Derivative at $x=0$ for $\frac{1}{x\ln(2)} - \frac{1}{2^x - 1}$

Question

A function $f$ is defined on $\Bbb R$ as $\frac{1}{x\ln 2 } - \frac{1}{2^x -1}$ for $x \neq 0$ and $\frac{1}{2}$ for $x = 0$. Show that $f$ is continuous and find $f'(0)$

From my knowledge

$$f'(0) = \lim_{x\to 0}\frac{f(x) - f(0)}{x}\\ =\frac{\frac{1}{x\ln(2)} - \frac{1}{2^x-1} - \frac{1}{2}}{x}\\ = \frac{\frac{x \ln(2)}{2(2^x-1)} - \frac{1}{2}}{x}\\ = \frac{x \ln(2) - (2^x -1)}{2x(2^x - 1)}\\ = \frac{x^2 \ln^2(2)}{4x(2^x - 1)}$$

Which on using mclaurin series of $2^x$ gives $\frac{-\ln 2}{4}$ but the correct answer is $\frac{-\ln 2}{12}$

Answer 1

We have $$\frac{1}{x\ln(2)}-\frac{1}{2^x-1}-\frac{1}{2}=\frac{(2^x-1)2-2x\ln(2)-(2^x-1)x\ln(2)}{x\ln(2)(2^x-1)\cdot 2}$$

Answer 2

You did not include all terms in the series. In intermediate steps, there is also a term $\frac{x^3\ln^3(2)}{3!}$ which is missed.
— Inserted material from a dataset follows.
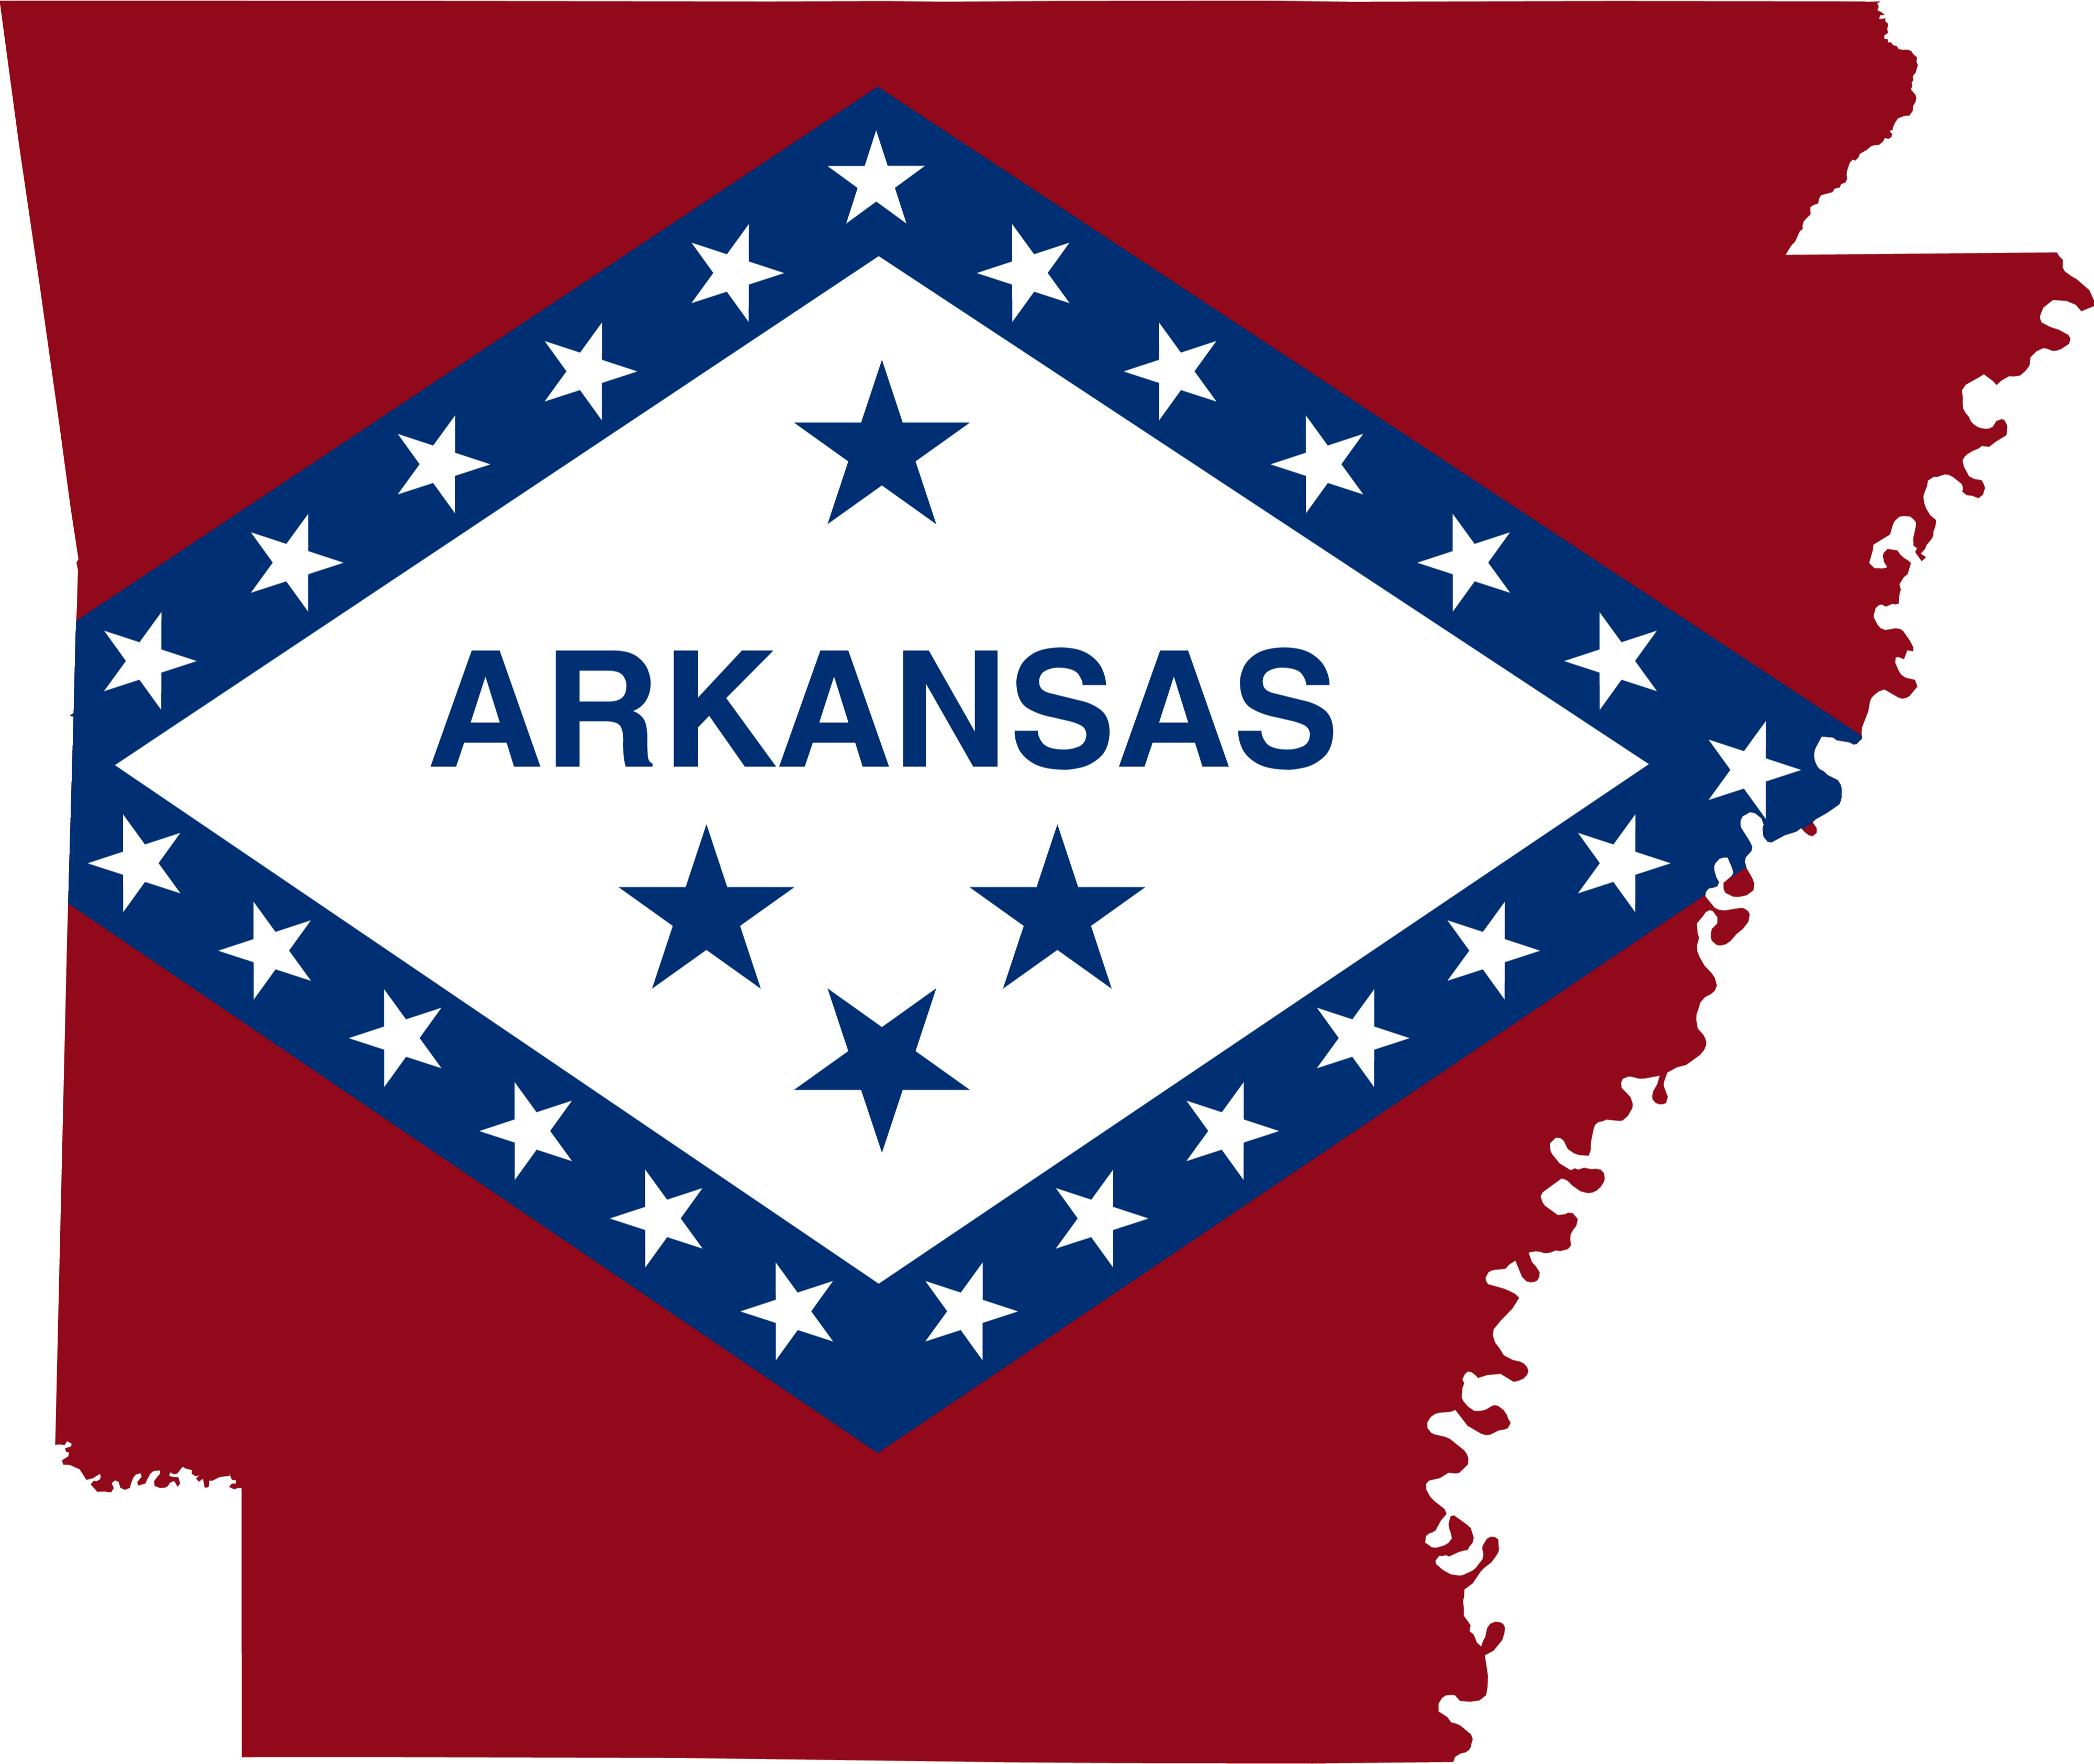 Arkansas Interior Design Continuing Education Requirements
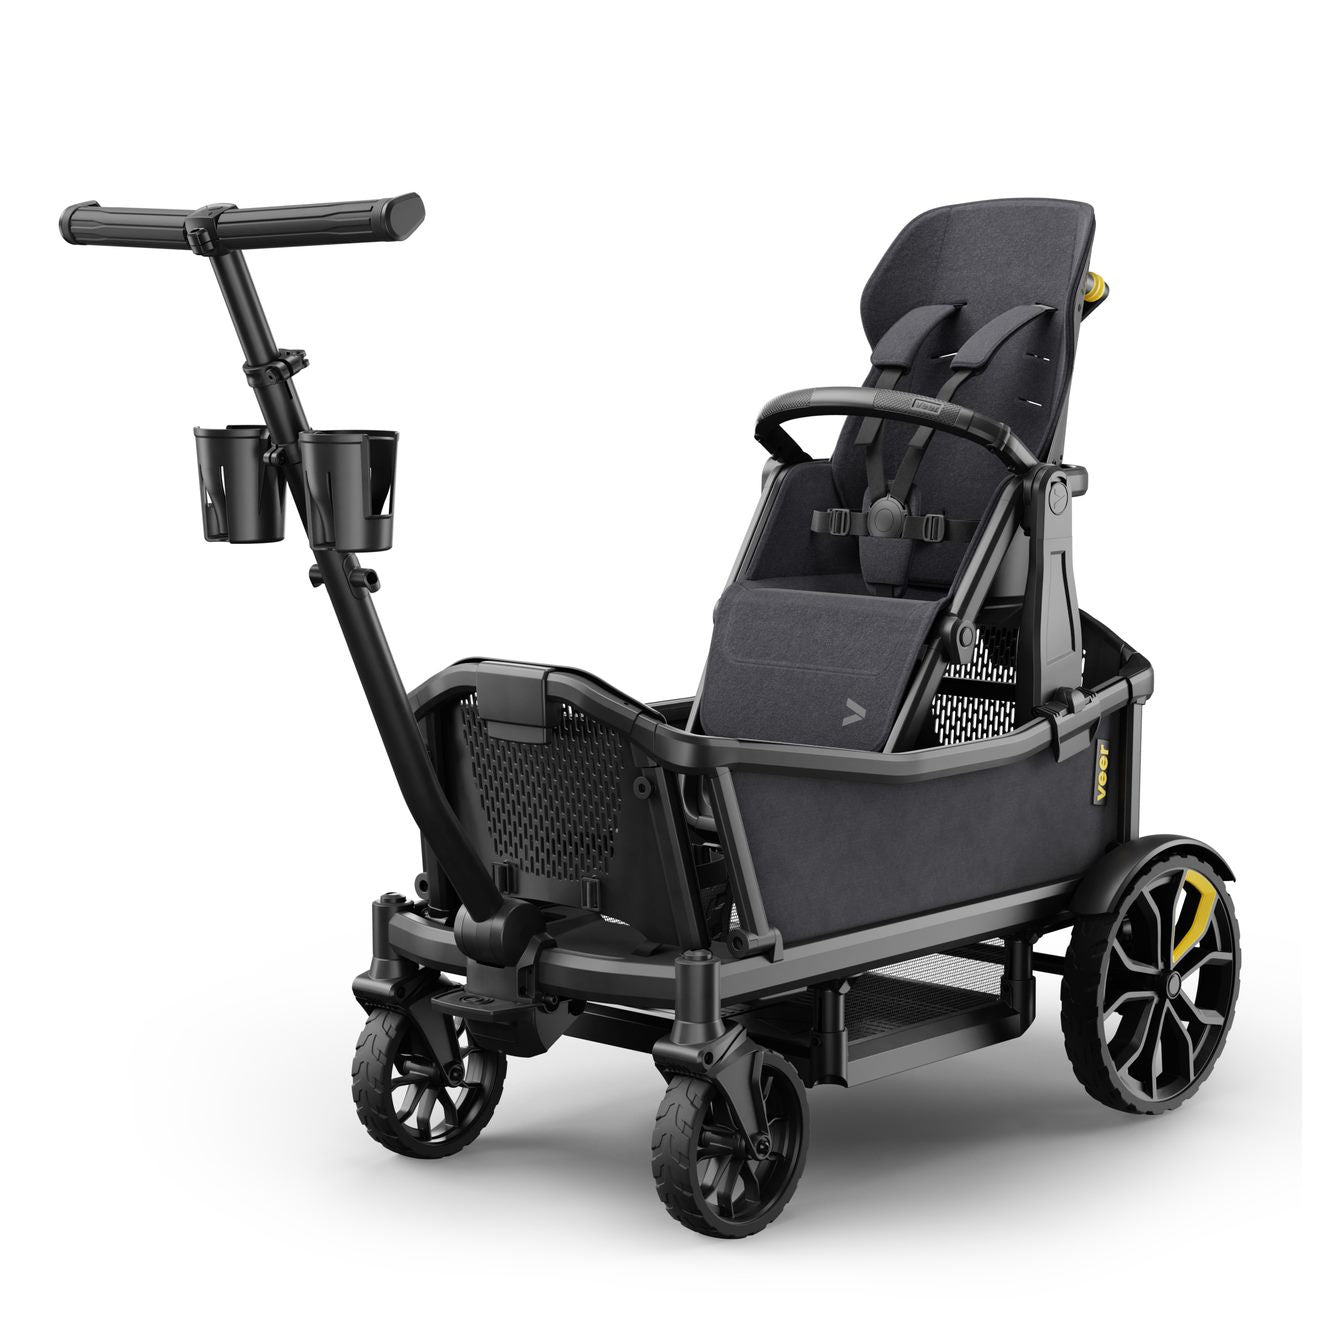 Produktbild: Veer Cruiser Adapter von Veer im Onlineshop von dasMikruli - Dein Shop für Baby Erstausstattung

$$\frac{\frac{1}{x\ln(2)} - \frac{1}{2^x-1} - \frac{1}{2}}{x} = \frac{2(2^{x}-1)-2(x \ln(2))-x\ln(2)(2^{x}-1)}{2x^2 \ln(2)(2^{x}-1)} \\ = \frac{2(x\ln(2)+\tfrac{x^2 \ln^2(2)}{2}+\tfrac{x^3 \ln^3(2)}{6})-2x\ln 2 - x \ln(2)(x\ln(2)+\tfrac{x^2 \ln^2(2)}{2})}{2x^2 \ln(2)(2^{x}-1)}\\ = \frac{-\tfrac{x^3 \ln^3(2)}{6}}{2x^2 \ln(2)(2^{x}-1)}$$

which will give $ \frac{-\ln(2)}{12}$ as the limit.